RBI Maintains Repo Rate at 5.25% Amid Global Volatility; Real Estate Sector Applauds Policy Stability

RBI Maintains Repo Rate at 5.25% Amid Global Volatility; Real Estate Sector Applauds Policy Stability

The Reserve Bank of India holds the repo rate at 5.25% to combat global economic uncertainty and geopolitical tensions. Real estate leaders from Gulshan Group, Prateek Group, and others praise the stability, noting that consistent borrowing costs and an upward GDP revision will sustain housing demand and project viability across residential and commercial sectors.

 

The Reserve Bank of India (RBI) has officially announced its decision to keep the repo rate unchanged at 5.25%, a move that reflects a calibrated “wait-and-watch” approach. This strategic pause comes at a critical juncture as global economic uncertainty, escalating geopolitical tensions—specifically in the Middle East—and persistent inflationary pressures continue to shape macroeconomic conditions. While maintaining a neutral stance, the central bank signaled its confidence in the national growth trajectory by issuing an upward revision in near-term GDP projections. This decision has been widely welcomed by the real estate sector, which views the 5.25% holding as a bedrock for stability that ensures steady borrowing costs and supports housing demand despite the risks of imported inflation and high energy prices.

Industry leaders across the residential and commercial segments have voiced their support, emphasizing that policy continuity is essential for sustaining end-user demand and project viability. Deepak Kapoor, Director of Gulshan Group, noted that the move reinforces confidence in India’s economic resilience against the backdrop of global volatility. Similarly, Prateek Tiwari, Managing Director of Prateek Group, characterized the decision as a balanced approach that reassures first-time buyers and end-users in strong demand corridors.

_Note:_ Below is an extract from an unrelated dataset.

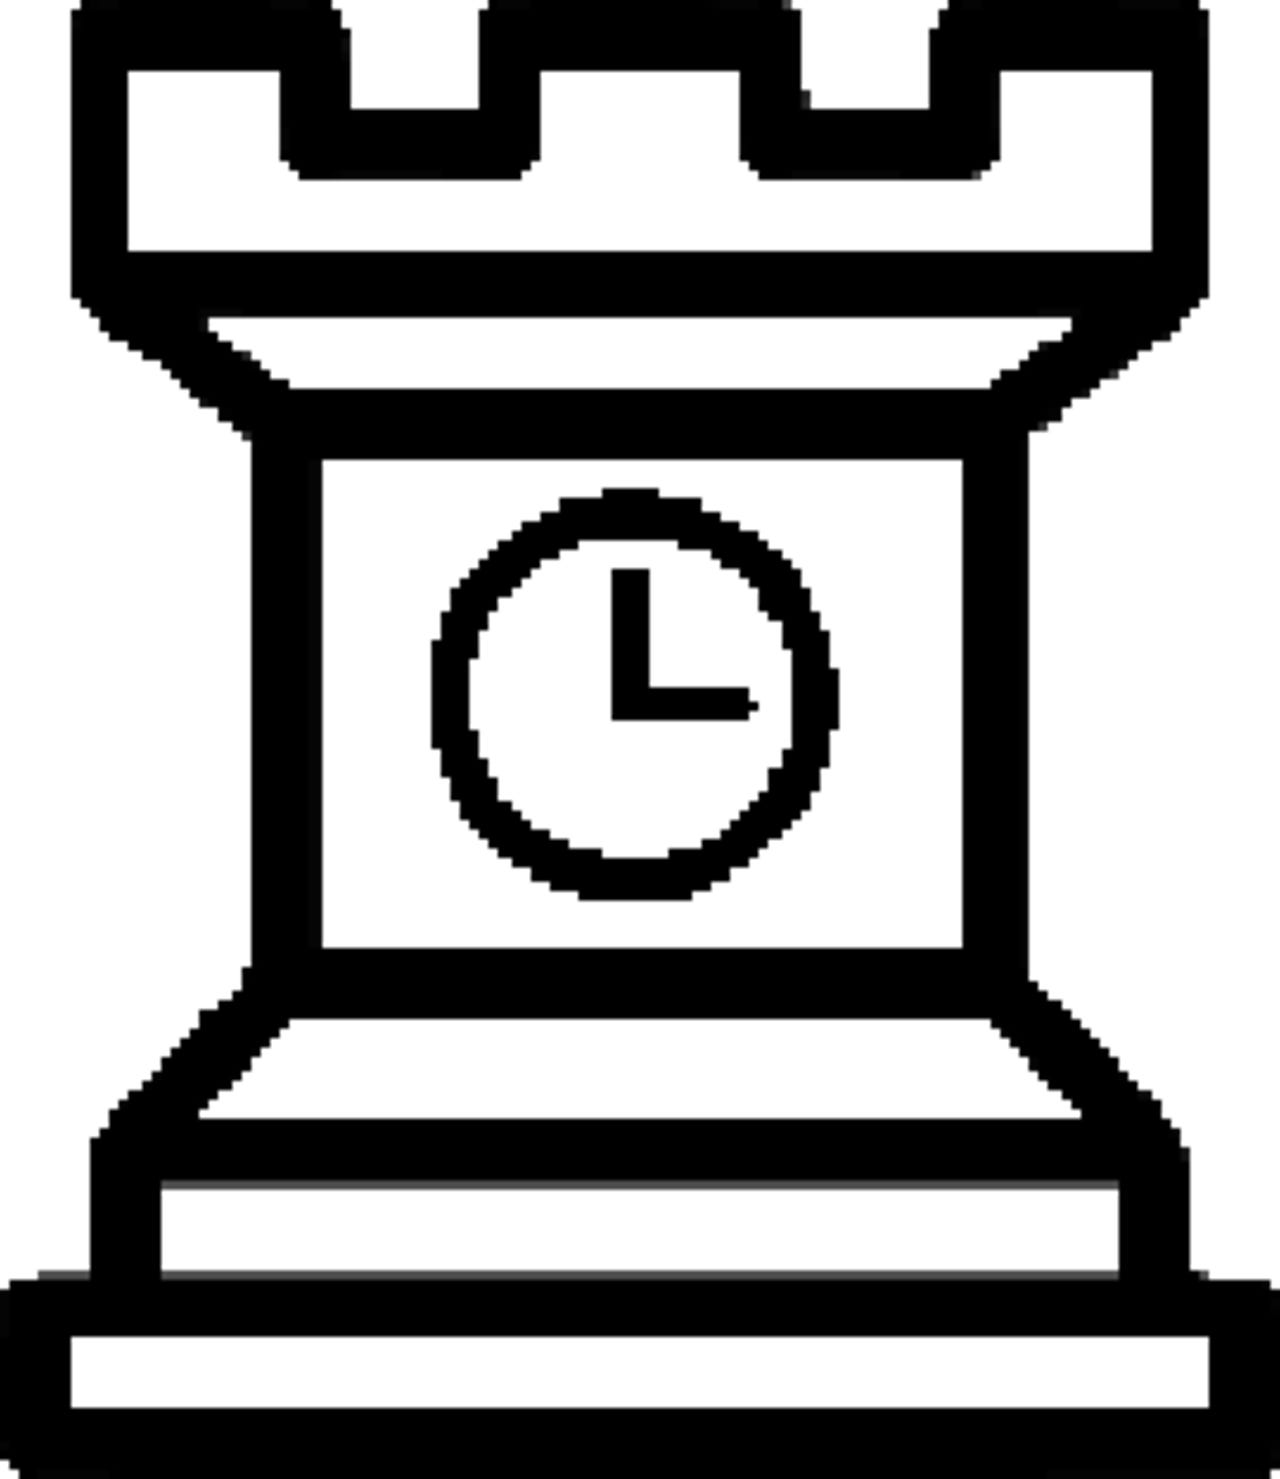 ntpsec-logo-clock-tower.png

Sahil Agarwal, CEO of Nimbus Group, added that the neutral stance boosts investment confidence and reinforces positive momentum, while Amit Modi, Director of County Group, observed that while a marginal cut would have offered relief to urban homebuyers, the sector currently prioritizes resilience and the cost of capital.

The stability offered by the RBI is also expected to have a profound impact on commercial and regional markets. Sanchit Bhutani, Managing Director of Group 108, stated that a steady rate provides developers and investors with the predictability needed for efficient liquidity management. Addressing the affordable and mid-housing categories, Sanjay Sharma, Director of SKA Group, remarked that while a rate cut would have further unlocked demand, the current "wait and watch" mode is necessary due to elevated inflation risks. Furthermore, Nitin Shrivastava, Managing Partner of Big FM Realty, and Udit Jain, Director of One Group, highlighted how predictable EMIs foster confidence in Tier 2 cities, where buyers value clarity over short-term incentives.

The broader implications of this policy extend to the retail and urban expansion sectors. Tejpreet Gill, Managing Director of Gillco Group, and Piyush Kansal, Executive Director of Royale Estate Group, both agreed that the current environment ensures predictable borrowing costs for long-term planning in emerging cities. Highlighting the retail perspective, Ajendra Singh, Vice-President of Sales & Marketing at Spectrum Metro, noted that steady rates provide retailers better visibility on financing, supporting leasing activity and healthier occupancies in organized retail spaces. Ultimately, the RBI’s decision to maintain the repo rate at 5.25% serves as a reassuring signal, anchoring the real estate industry’s growth through a period of global supply shocks and economic transition.